Our dev process states that every developer should rebase his/her topic branch to master first and then merge it with the --no-ff
flag, to create a merge bubble. This results in a nice and easy to follow history graph.
However, sometimes developers accidentally merge their pull request via the GitHub user interface and not via the Git CLI, which does not rebase before the actual merge, resulting in the following "messy" history graph:
* G
|\
| * F
|/
* E Merge pull request #123 from feature-three
|\
| * D
* | C
|\ \
| |/
|/|
| * B
|/
* A
|\
| * ...
|/
* ...
...
Had the process been followed, we would see this history graph:
* G
|\
| * F
|/
* E' Merge branch 'feature-three'
|\
| * D
|/
* C'
|\
| * B
|/
* A
|\
| * ...
|/
* ...
...
(I am changing commits E
and C
to '
prime as they would have different hashes)
We need to programmatically get a list of such broken merge commits, like E
.
git rev-list --merges --format='%h %p' A..G | grep -v '^commit'
produces the following output:
G E F
E C D
C A B
Where the first column represents the merge commits, the second one is the first parent (also a merge commit) and the third one is the second parent - a commit from the topic branch. However, the parent relation of the broken merge seems to be OK - the command gives the same output when ran on the fixed Git history (second diagram), so we cannot recognize it.
There must be another way to detect the broken merge commits in a project. Please note that a solution which requires git
to be executed on every commit in the history is not preferred as some projects have 50k+ commits, and a single git
execution there takes more than 2 seconds.
Your problem reduces to a simple graph rule:
Every first-parent in master
should be a merge commit. (This is true even for the "bad" graph, but it may be worth checking—if you allow hotfixes to go into master without a merge bubble, any such commits should be identified, and then not subject to the other rule. Note that the root commit presumably won't follow this rule, and there may be some cut-off point where earlier commits don't follow any rules and you should stop looking.)
Every such commit will then have a second-parent. That commit and all of its parents should be simple (single-parent) commits up until they're also reachable from the first parent of the merge that led to this second-parent commit—this traces through the merge bubble itself—and (this is the crucial test) the commit that rejoins with master
should be the other parent of the merge that brought you down this side of the merge bubble.
This second rule identifies commit D
for you: D
's first and only parent is A
, when its parent should have been C
.
So, just read the graph.
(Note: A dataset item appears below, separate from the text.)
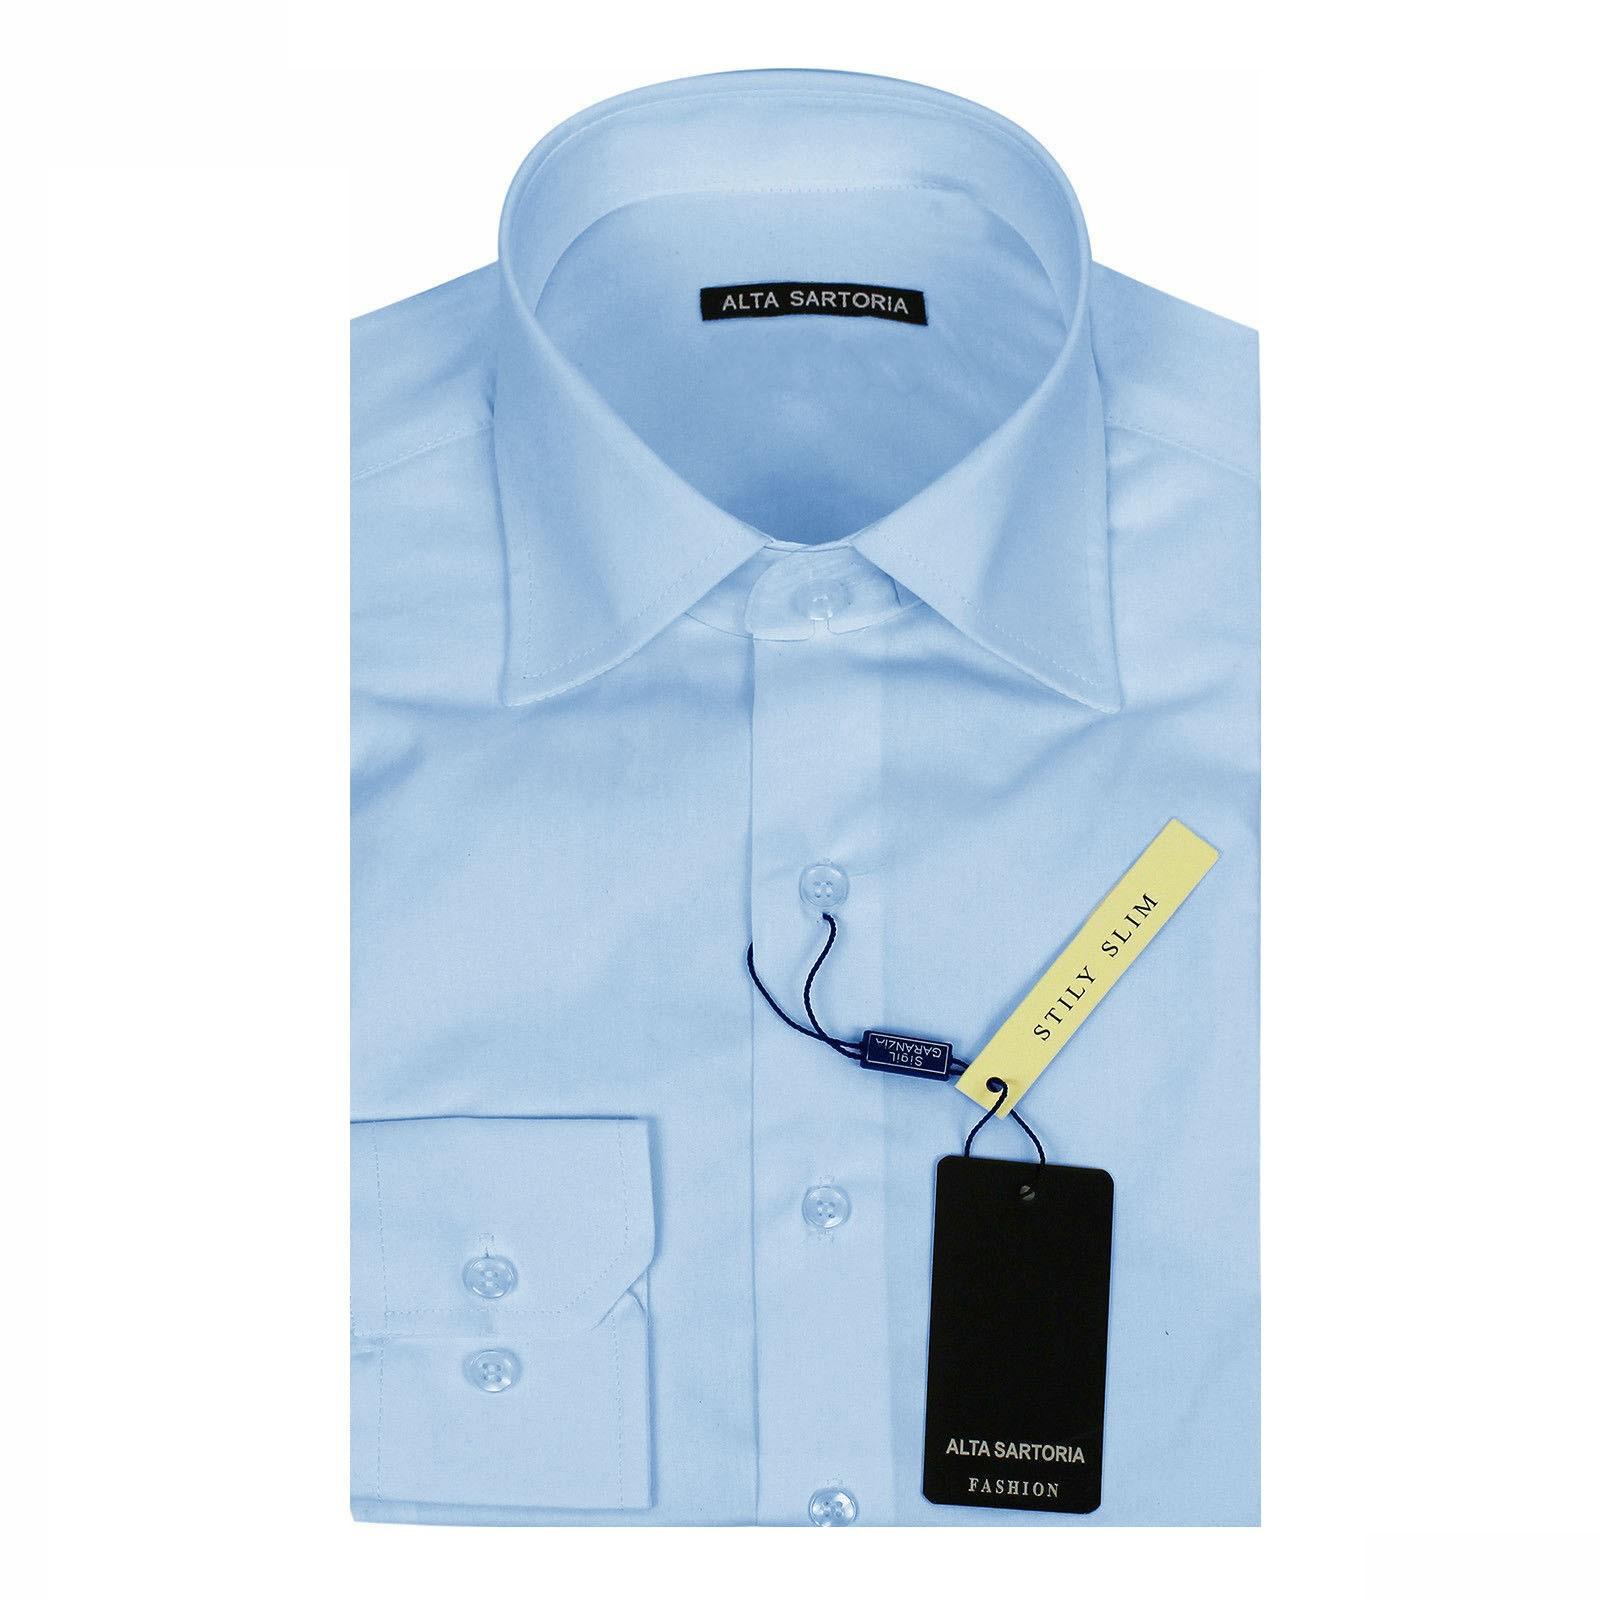 Camicia-Uomo-Celeste-Bianca-Slim-Fit-Manica-Lunga-Sartoriale-Cotone-TG-S-7XL miniatura 21
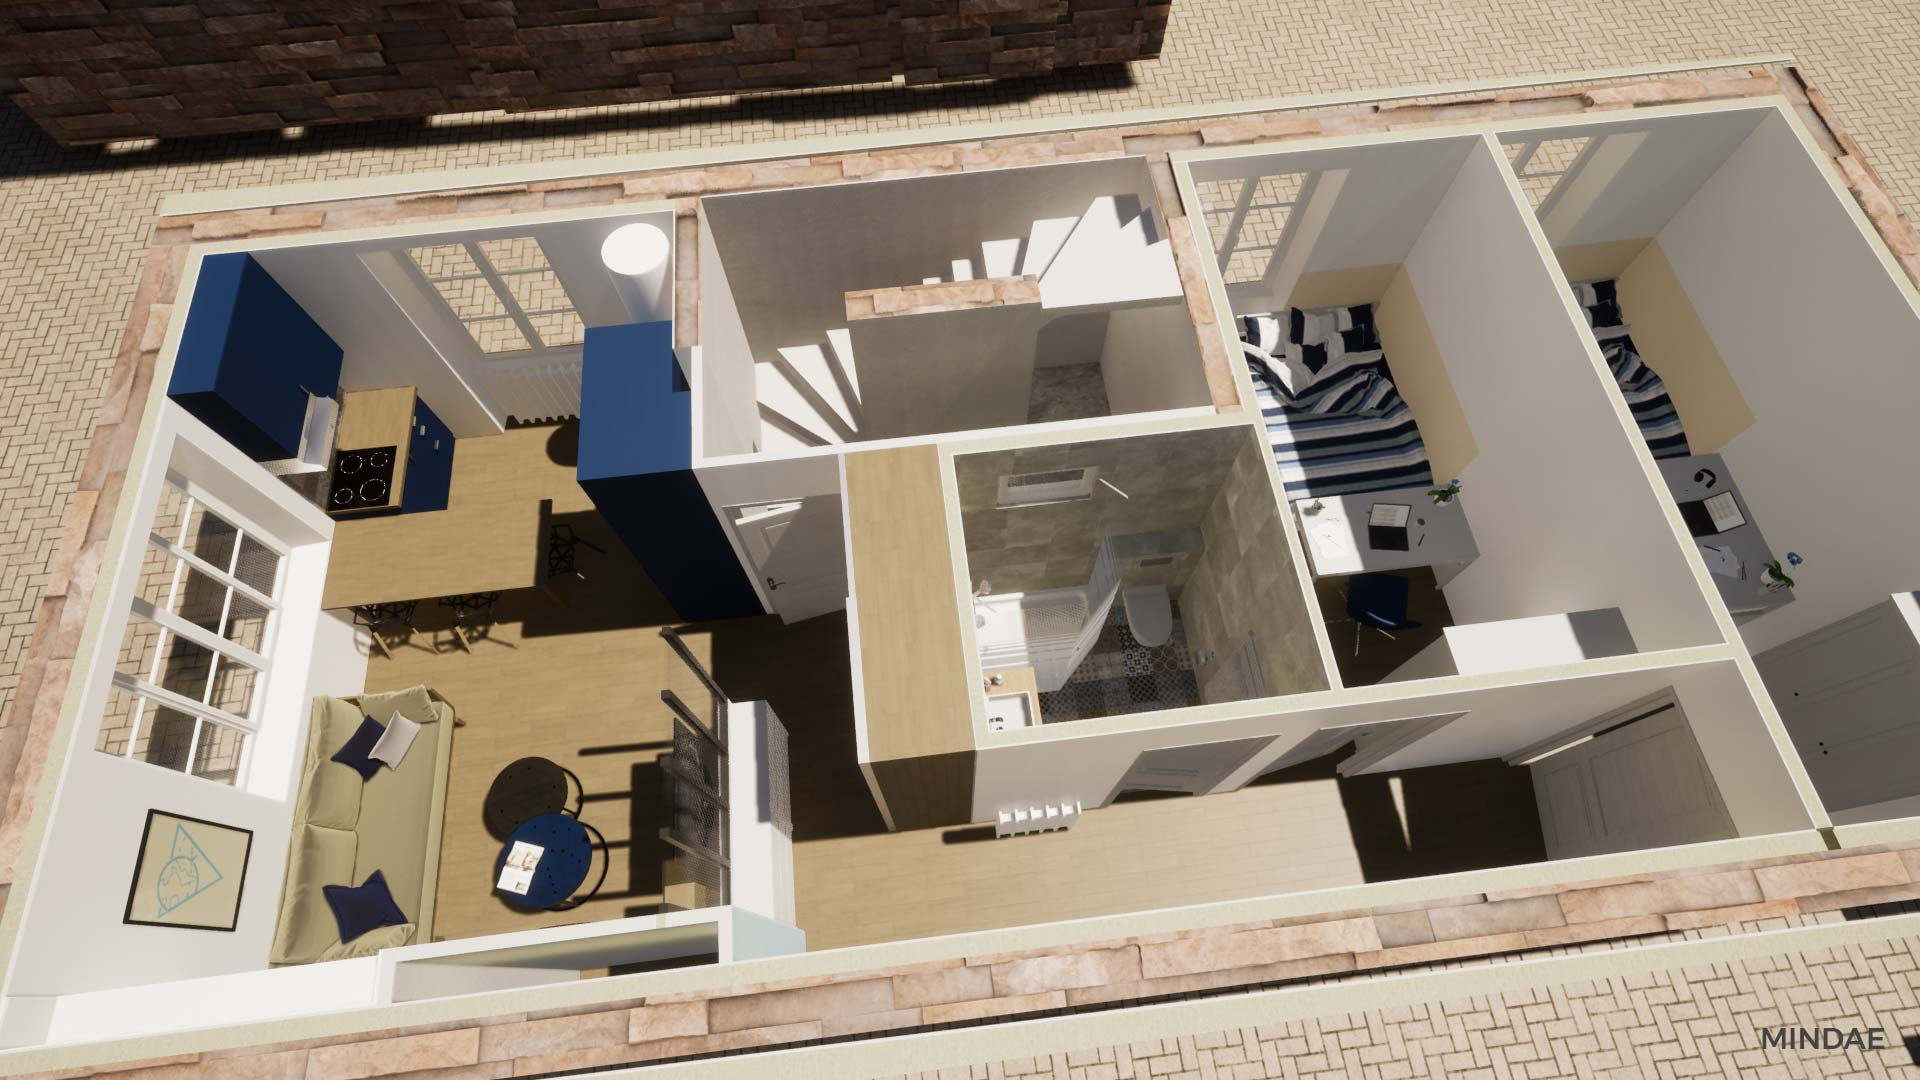 Mindae_3D_appartement_caen_saint_laurent_investisseur_colocation_airbnb_locatif_renovation_F2_F3-(1)

You can do this directly (e.g., in GitPython or something), or use git rev-list --topo-order --parents master
to read the graph into text and then read that with a program.
As Nitsan Avni suggested in a comment, if you can prevent the accidental merges in the first place, that's the best way to go, because fixing these after the fact is a form of history rewriting, which requires all users to adapt to the rewritten history.